# suspend2 and X/nvidia problem [solved]

## ant-1

Hi,

I'm using suspend2-sources 2.6.15 kernel with hibernate script. Hibernation is working fine in console. But when I try to suspend from X, everything seems to run fine except the display stops at 'Doing Atomic Copy", the display is switched off but the computer itself is not. If I reboot suspend2 does not see the image (meaning it was not created fully, I guess). I suspend to swap, which is 1.5Gb large for 1Gb of memory (when I try to suspend memory usage is 270Mb and swap is not used).

I tried to set the log verbosity to 4, but no error pops up there. I suspect nvidia module to be the cause, but I emerged the latest nvidia-kernel (8178), which is supposed to work fine without a patch. So I commented it out in blacklisted modules file and run the hibernate from X, with the results listed above.

And no, SMP is not enabled in my kernel and ACPI is. I even tried with Option "NvAGP" "true" in my xorg.conf although my card is PCIE.

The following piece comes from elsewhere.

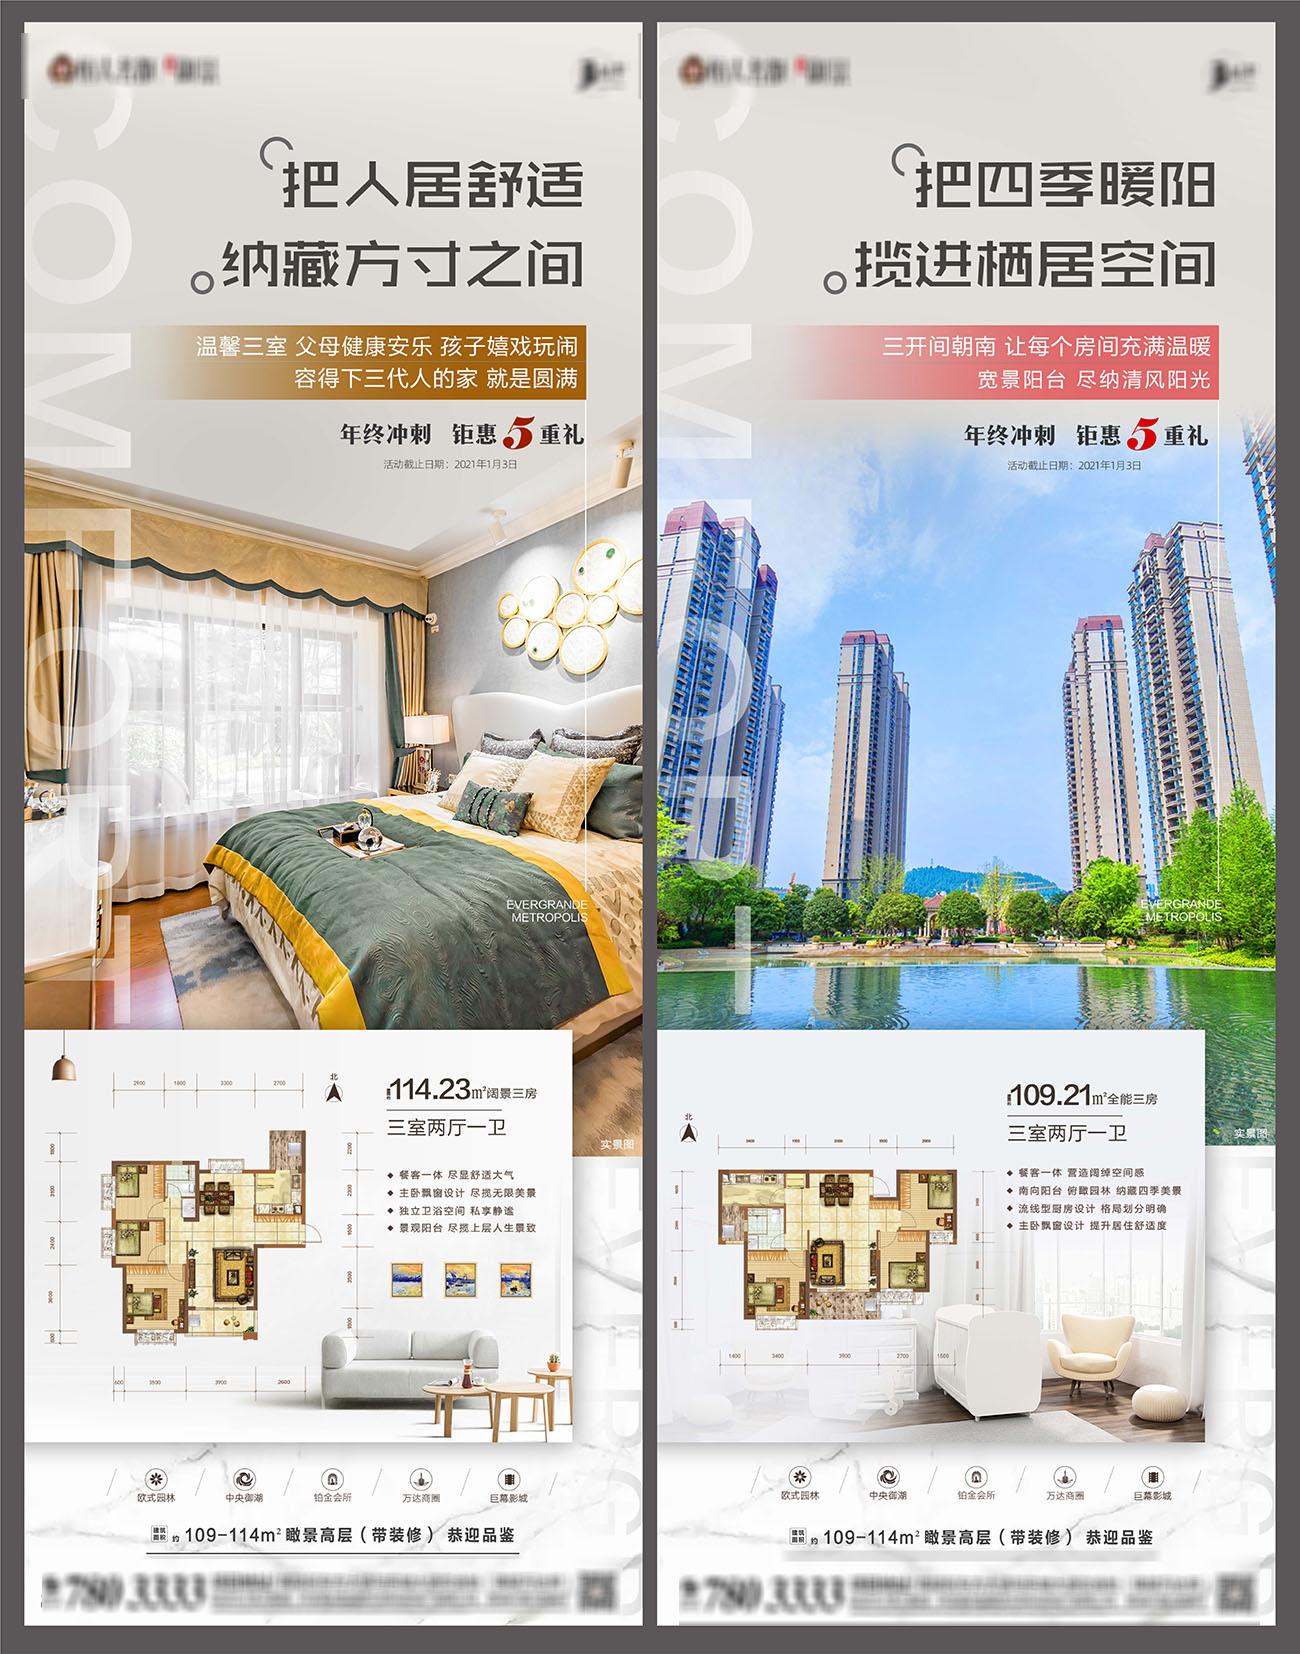 瞰景高层住宅三房户型海报PSD源文件插图
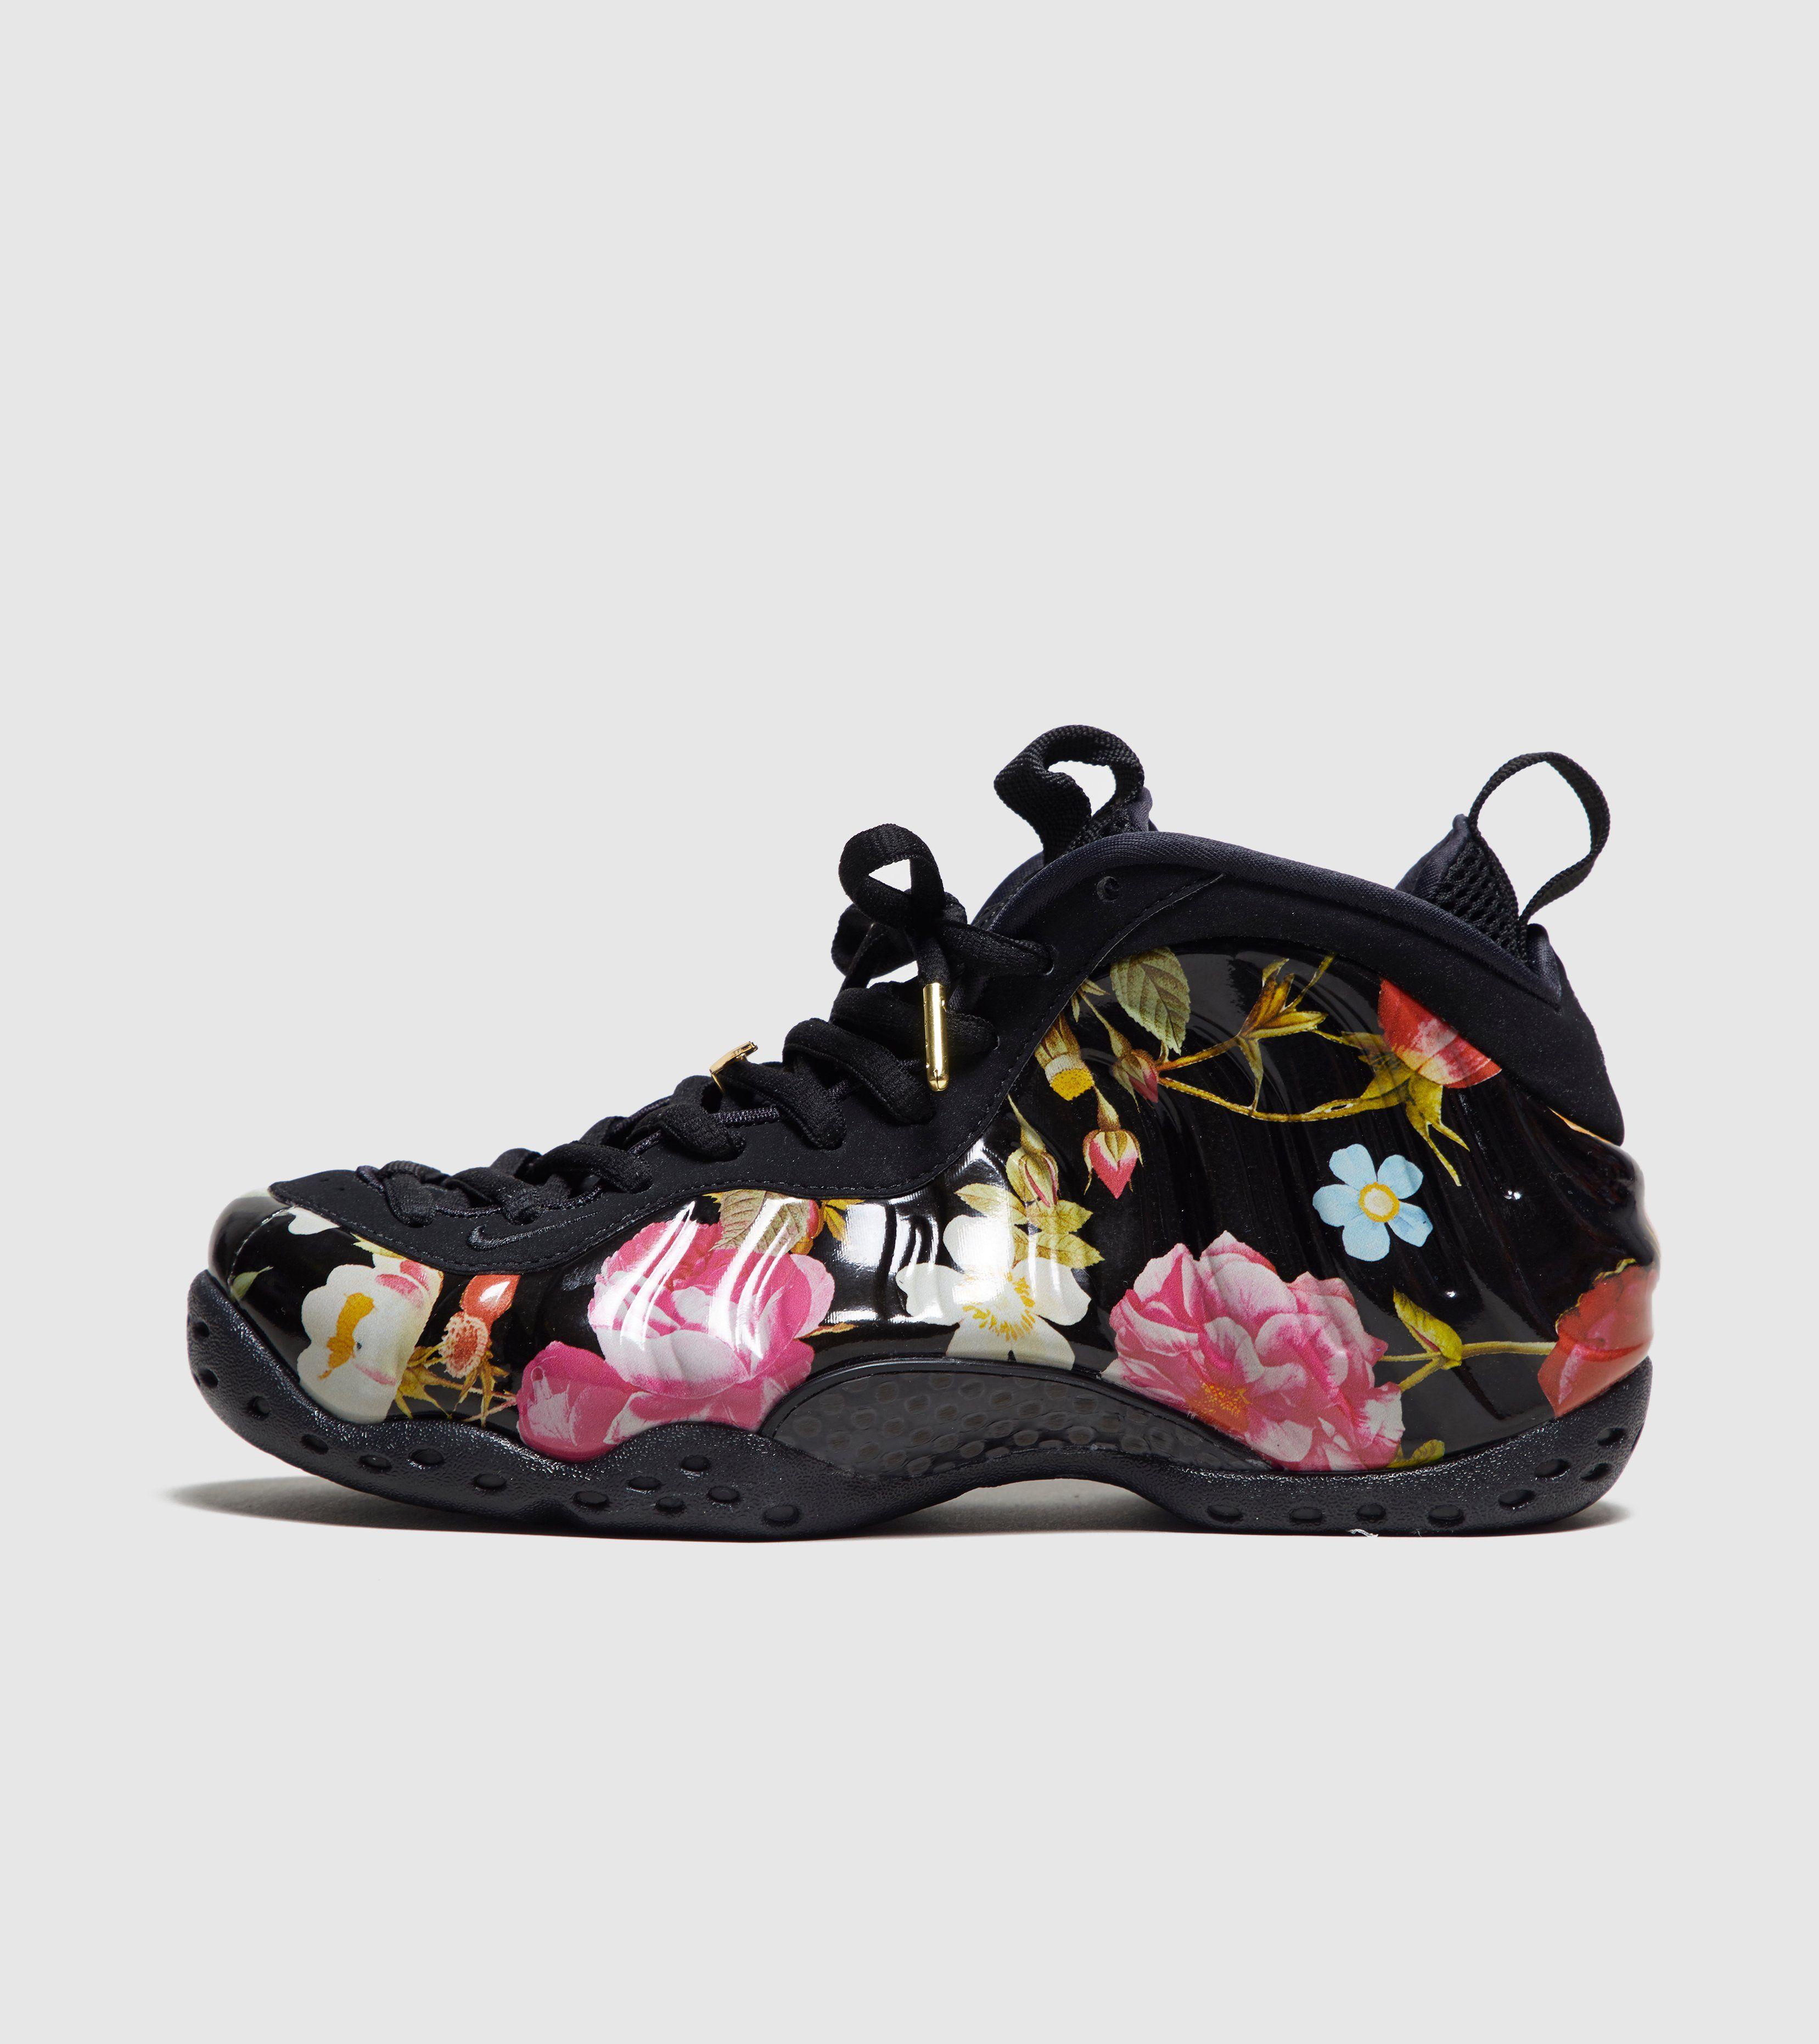 Nike Foamposite One Women's

My computer is a Toshiba M60 laptop with GeForce Go 6600.Last edited by ant-1 on Mon May 01, 2006 9:12 pm; edited 1 time in total

----------

## colo

Software Suspend does not work with the proprietary "nvidia"-Module as of yet. Switch over to "nv", which does not suffer from this limitation(, but does not provide hardware-accelerated GLX, otoh).

----------

## chrismortimore

Once the display switches off, have you left it to see what happens?  I suspend and it does the "Writing something something", the display goes off when it starts the atomic copy, the HDD light flicks for a bit and it suspends fine.  On resume, the display stays off basically until it has finished resuming and comes back to life.

I'm using a patched version of 7174 drivers.

----------

## ant-1

Yep, I tried letting it for 30 minutes, but it never turned itself off. And after rebooting, it did not see the suspend image (I repeat that it works out of X).

I tried with latest 8178 and 7676, but without patching them. I think they are already patched to work with suspend2 (at least the 8178, I found a patch in portage looking like it did the trick). But I may be wrong. Did you use gentoo driver or the one from nvidia that you patched ?

----------

## chrismortimore

I downloaded it from the nvidia site and patched and installed it manually.  If you go onto the suspend2 wiki you'll find information about how to patch it.

----------

## Octavious

i also share this same problem on a Dell Precision M70  :Sad: .

----------

## Octavious

I fixed my issue with the newest version of the nvidia-kernel (8756) and adding a "ProcSetting extra_pages_allowance 0" line in my hibernate.conf.  Hopefully this works for you guys.

----------

## ant-1

Exactly, I just solved it this way 2 days ago !

----------

## brazzmonkey

works fine here too   :Very Happy: 

----------

## manuels

Hi,

I added this option to my suspend2.conf but it still doesn't work.

I'm running version 1.0.9755-r1.

Did you change anything else?

Cheers,

Manuel

----------